Precision in peptide mapping is measured on two levels; repeatability and reproducibility from both intra and inter-testing runs. Repeatability is measured by running six replicate injections of a single pooled digest of the reference standard.  When repeatability is performed in this manner, all variability from the sample and reagents are eliminated, and the true instrument or system component of precision can be measured and used to help set system suitability criteria.

Intra and inter measurements are the more important parameters to be evaluated during validation, however. Intra-test precision is the reproducibility of the fragmentation (digestion) and the chromatographic separation.  Acceptable precision is obtained when the peak retention times and areas are constant from chromatograms obtained from consecutive tests of a series of separately prepared digests of the test protein.  The average standard deviation of the retention times and areas should not exceed a pre-determined specified acceptance criterion.

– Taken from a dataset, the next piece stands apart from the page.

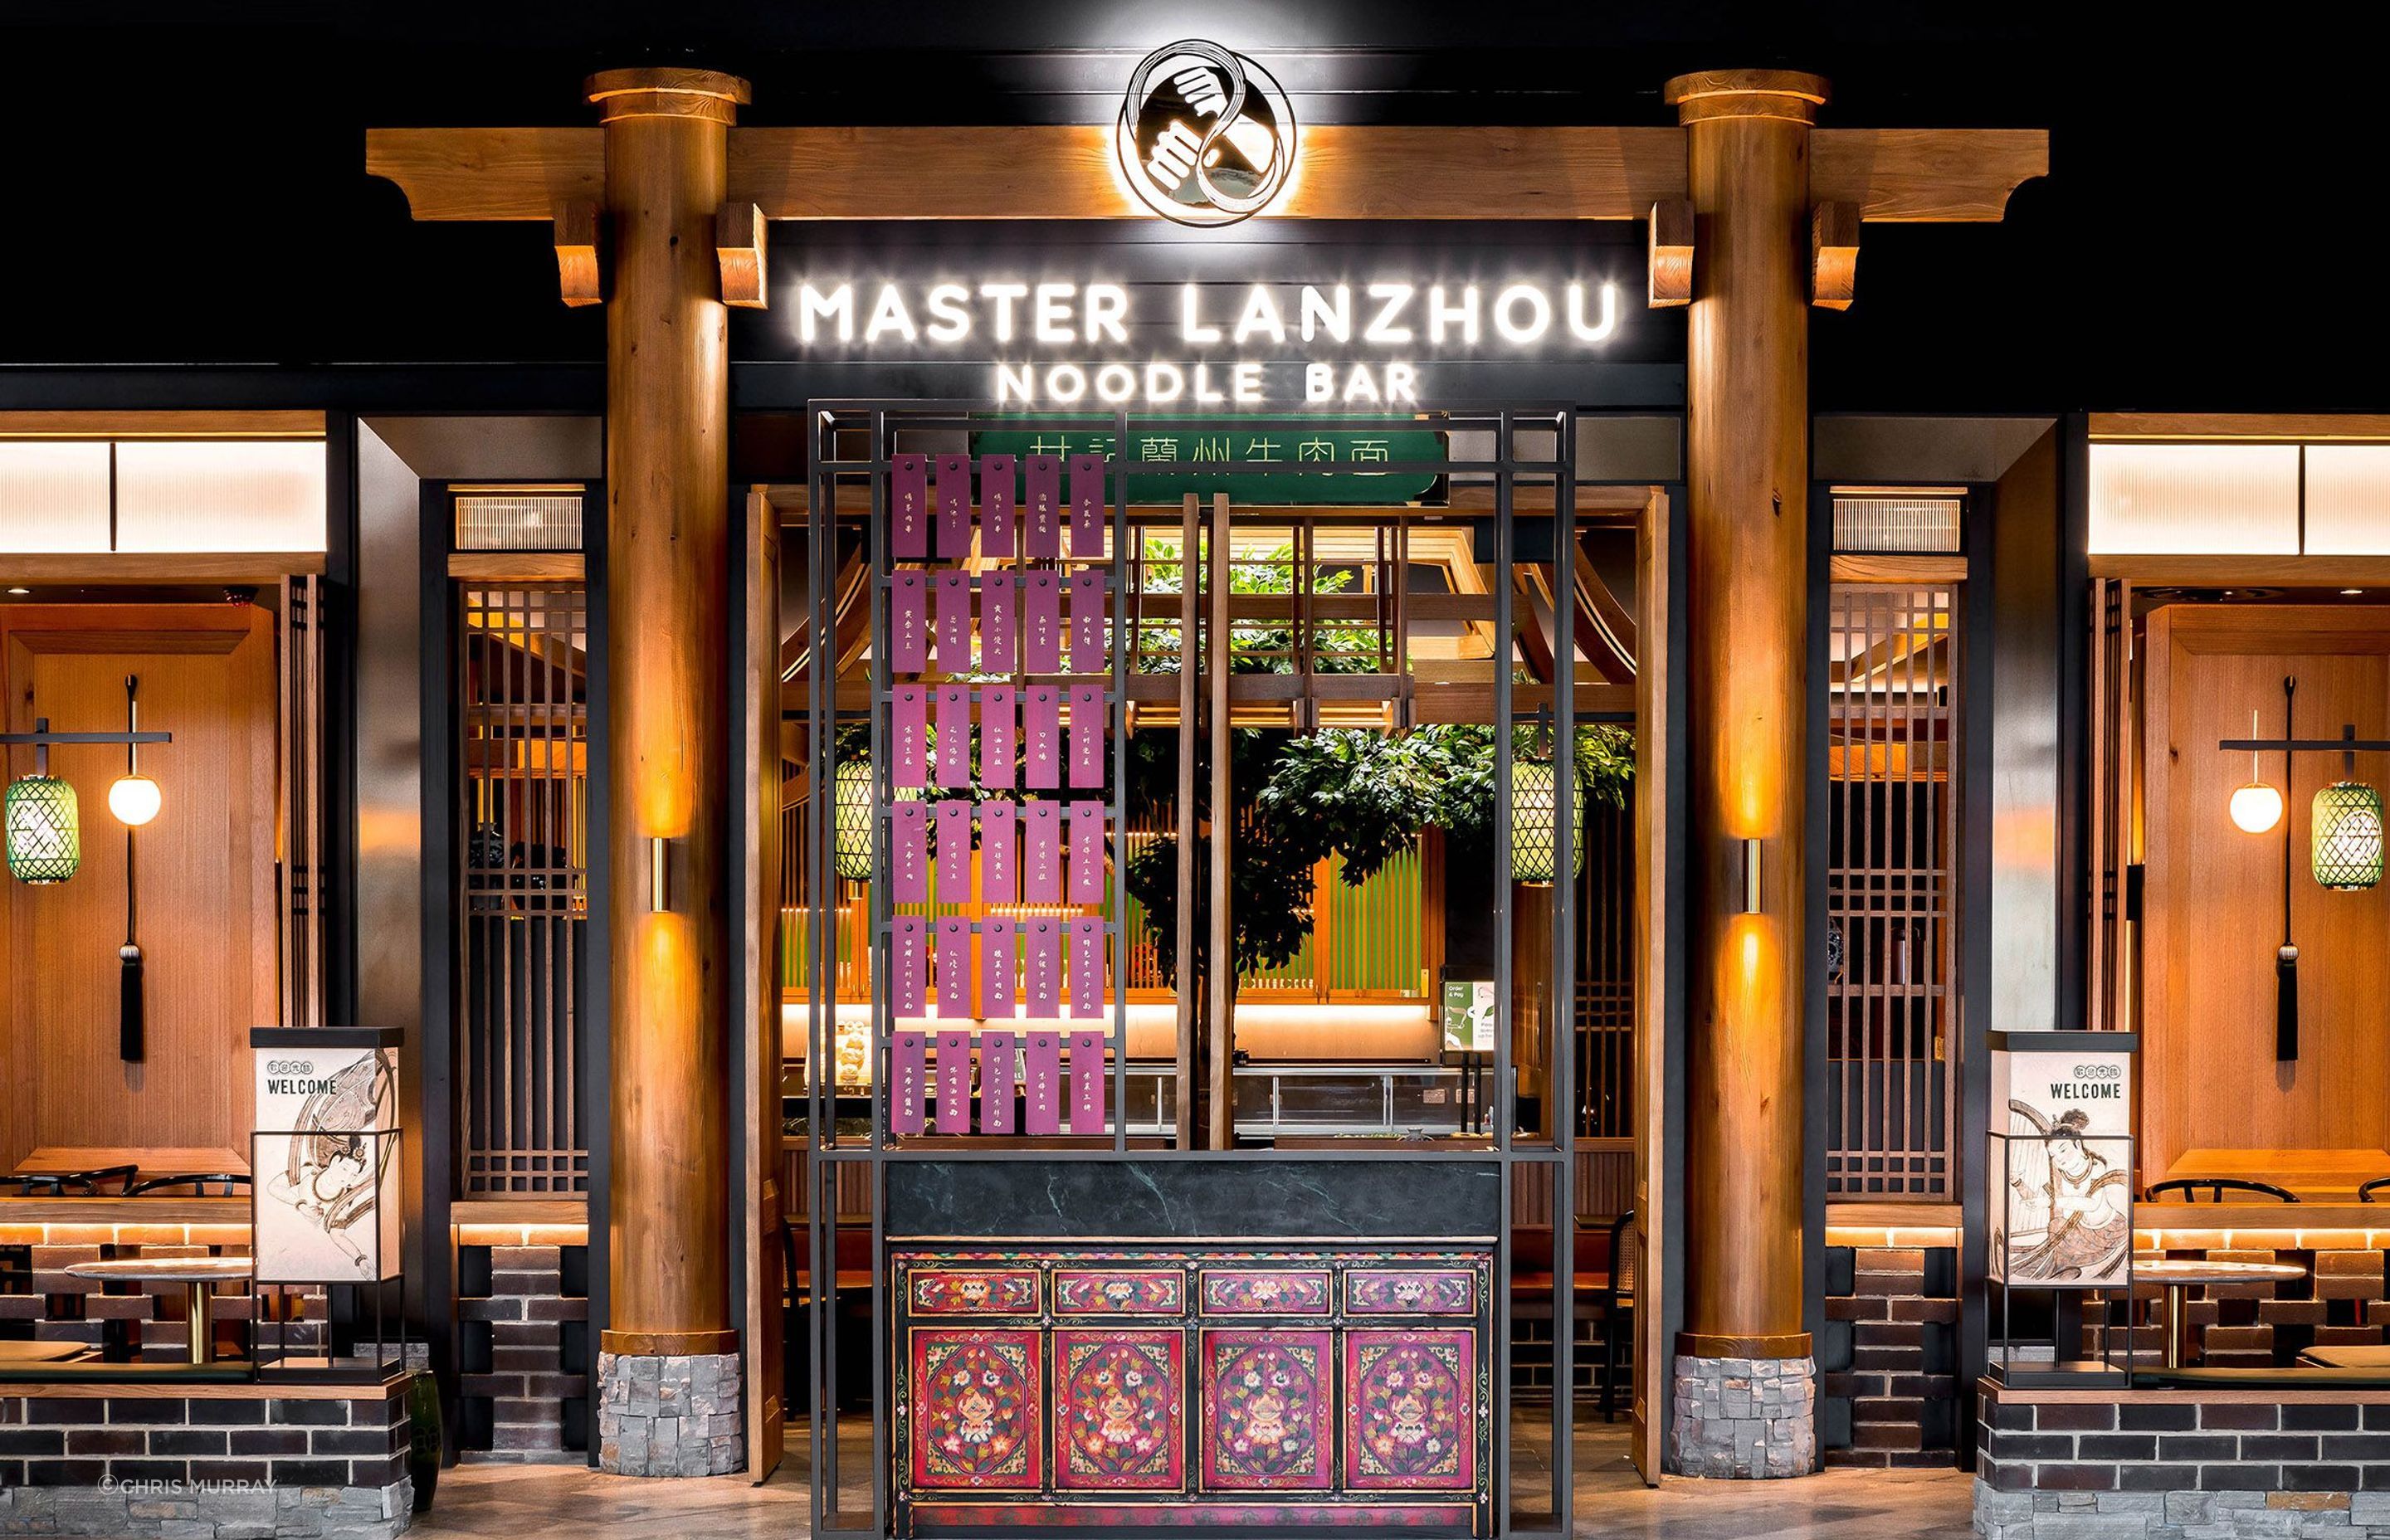 Master Lanzhou Noodle Bar was inspired by a traditional courtyard house.

Inter-test precision is what traditionally has been referred to as intermediate precision or true reproducibility.  It is a measure of the reproducibility of the peptide map when the analysis is run according to an experimental design made to measure the effects of the test run on different days, by different analysts, in different laboratories on different systems, different column lots.  For inter-test precision, the experimental design should include comparisons using peak retention times and areas relative to an internal standard peak within the same chromatogram.  By using relative values, the need to make adjustments for things like injection volume differences, column volumes and instrument gradient delay volumes is eliminated.

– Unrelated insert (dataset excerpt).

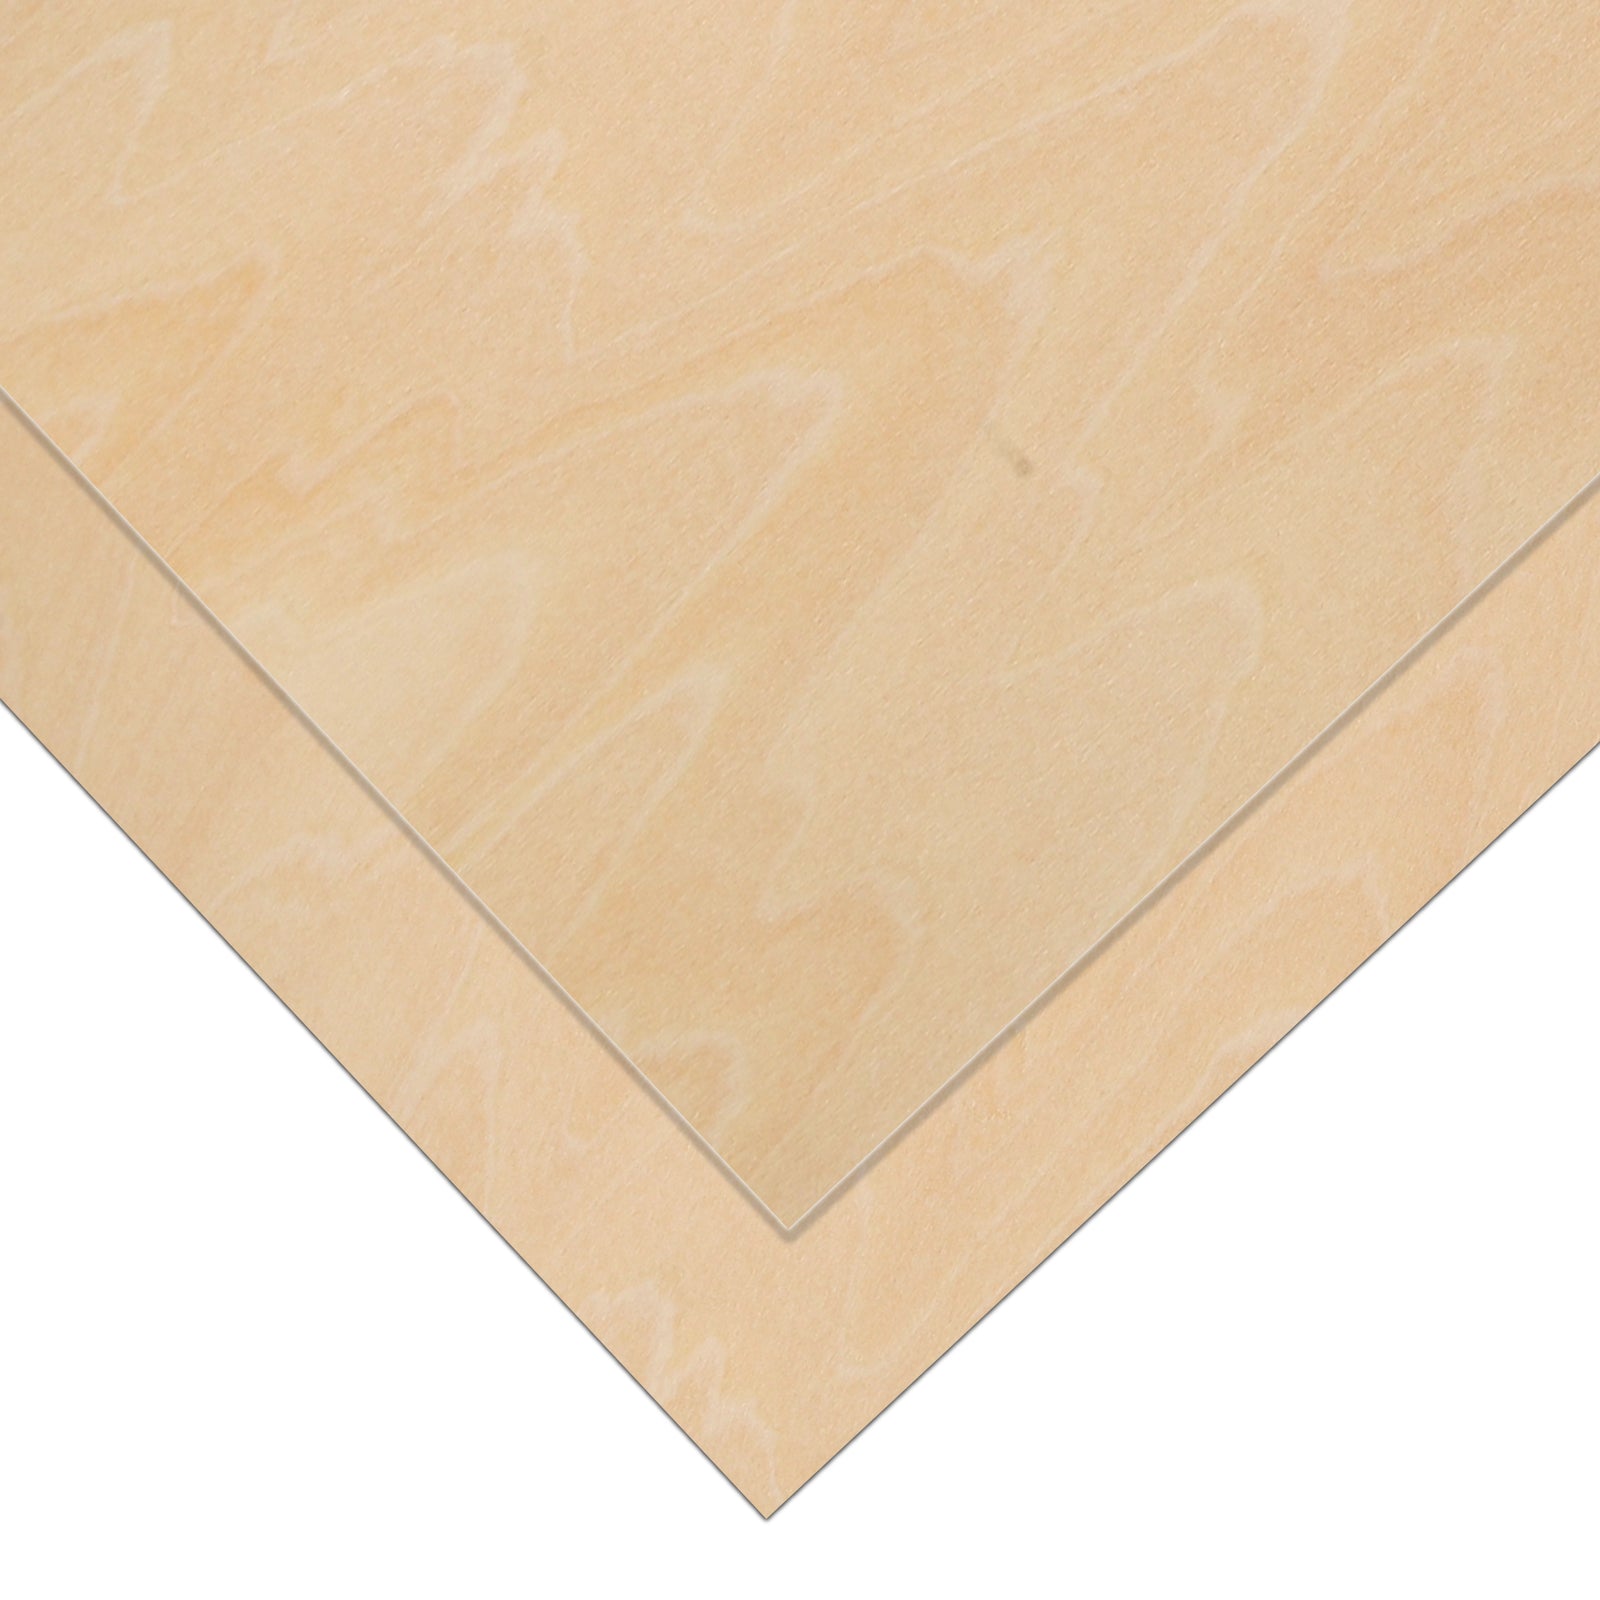 A4 Plywood Sheets 3mm Thickness (+/- 0.2mm) Basswood Plywood 11.8x11.8 inch for Engraving

In general, it can be expected that %RSD for peak retention times and areas will be greater for the inter-test compared with the intra-test precision, which in turn will be greater than the repeatability results.

System Suitability

The guidance on system suitability can be found in the USP chapter on chromatography.  Like any other method, the acceptance criteria for system suitability of a peptide map depends upon the identification of the critical test parameters that affect data interpretation and acceptance.  System suitability limits, for both recovery and chromatography, are determined by running a reference standard in parallel with the test protein and looking for indicators that monitor, for example, that the desired endpoint was reached in the digestion; normally, selectivity and precision.  However, the consistency of the pattern obtained is best defined by peak-to-peak resolution.  Additional chromatographic parameters such as peak width, tailing factors and column efficiency also can be used.

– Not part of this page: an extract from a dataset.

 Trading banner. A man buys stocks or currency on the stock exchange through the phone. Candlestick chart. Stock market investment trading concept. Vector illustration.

The parallel study (reference standard and test protein) also is used to visually compare each peaks relative retention time, responses (peak retention time and area), the number of peaks and the overall elution pattern.  This comparison often is complemented by mixing the two samples (1:1, v/v) and evaluating the peak response ratios and elution pattern.  If all peaks in this mixed sample have the same relative retention times and peak response ratios, then the identity of the protein test sample can be confirmed.  Significantly different retention times are also an indication of system variability, while the appearance of new or broader peaks indicates non-equivalence.  Computer-aided pattern recognition software and other automated approaches have been used on occasion to examine the degree of difference or similarity when comparing two different peptide maps, but these have not gained routine acceptance.

Conclusion

Although most of the underlying principles still apply, the validation of a peptide map includes some additional considerations when it comes to LOD, robustness, and precision, and depends upon the stage of the regulatory process.  While mostly involving comparative testing, when properly validated, a peptide map can be used to accomplish its intended purposes: to confirm the primary structure of a protein; to detect whether or not alterations have occurred; and to demonstrate process consistency.